Serious side effects include myocarditis, generalized spread of the virus in the bloodstream or to the brain, and a life-threatening rash.
Persons with underlying medical conditions or compromised immunity should not receive smallpox vaccine. Speak to your health care provider regarding any concerns about this vaccine.
When indicated, 1 dose is given. Timing of revaccination (if needed) depends on the level of risk and ranges from 3 to 10 years.
Care of the Vaccination Site
The live vaccinia virus can shed from the vaccination site and be spread to other parts of the body or to other people. After vaccination:
- Cover the vaccination site with sterile gauze after inoculation; keep it clean and dry to avoid infection and prevent transmission to other parts of the body or to other people.
- Apply povidone-iodine ointment to the vaccination site (every 1-3 days starting on day 7 after vaccination) to minimize the risk of transmission.
- Wear a long-sleeved shirt over the gauze-covered site.
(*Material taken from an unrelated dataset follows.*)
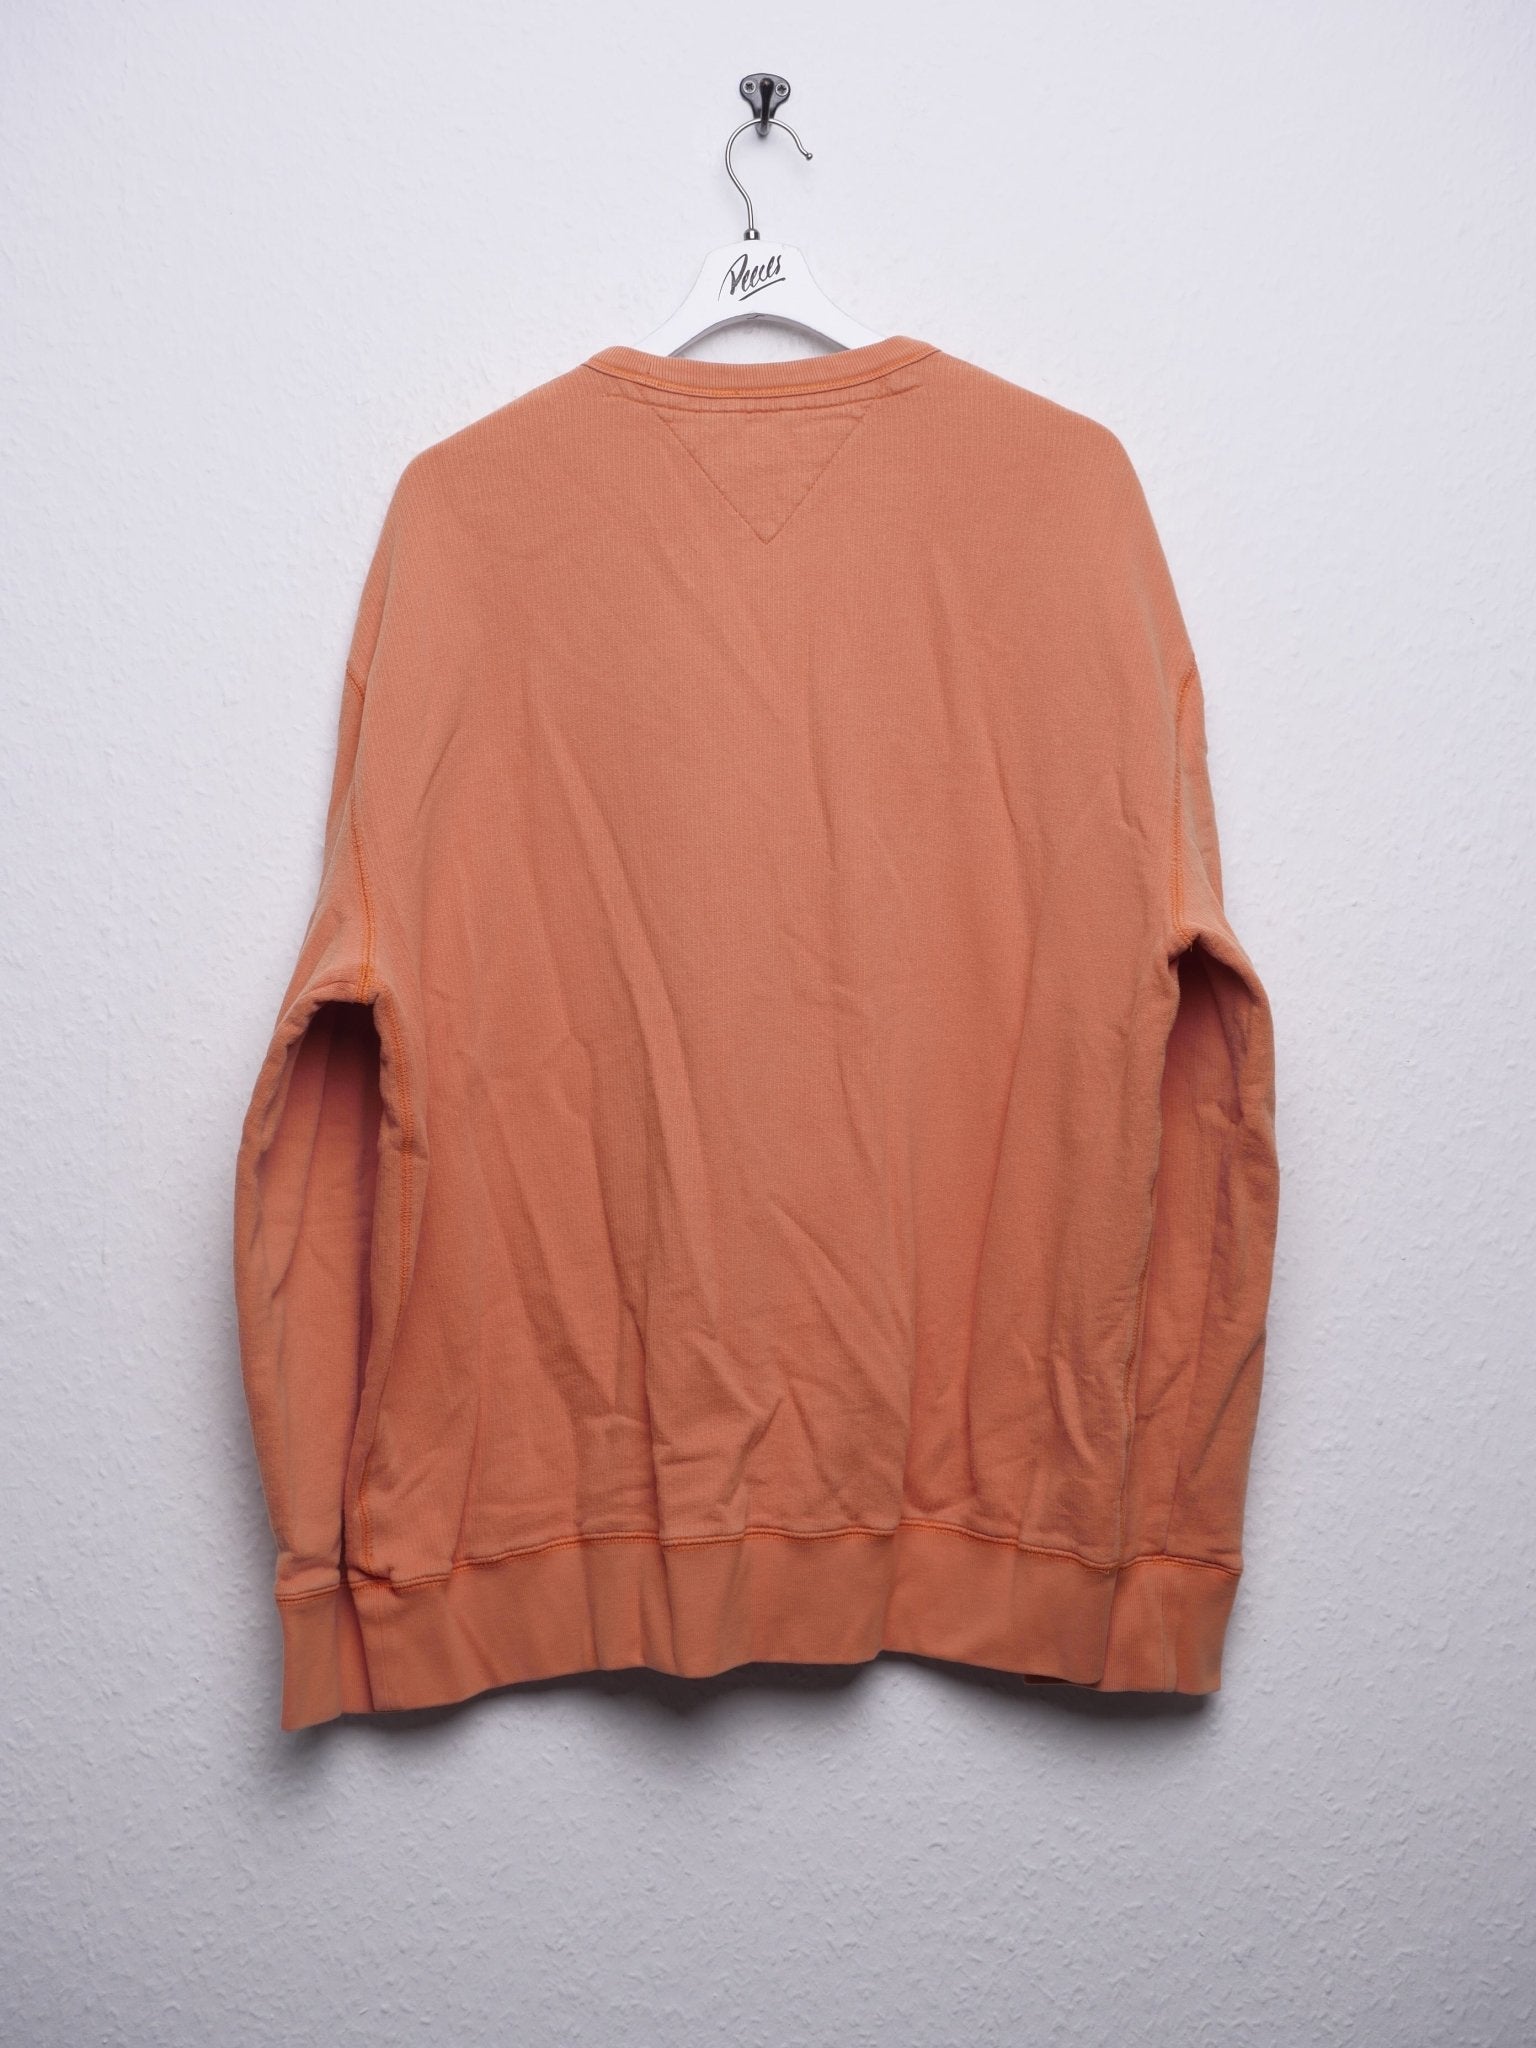 Tommy Hilfiger embroidered Logo Vintage light orange Sweater - Peeces

- Do not scratch or rub the site.
- Change the dressing every 1 to 2 days (or if it becomes wet).
- Carefully discard any gauze in plastic bags.
- Wash hands thoroughly with soap and water or with disinfecting agents after any contact with the site, the gauze dressing, or materials that have come in contact with the site (clothing, bedding, etc.).
- Wash clothing or bedding that comes into contact with the vaccination site in hot water.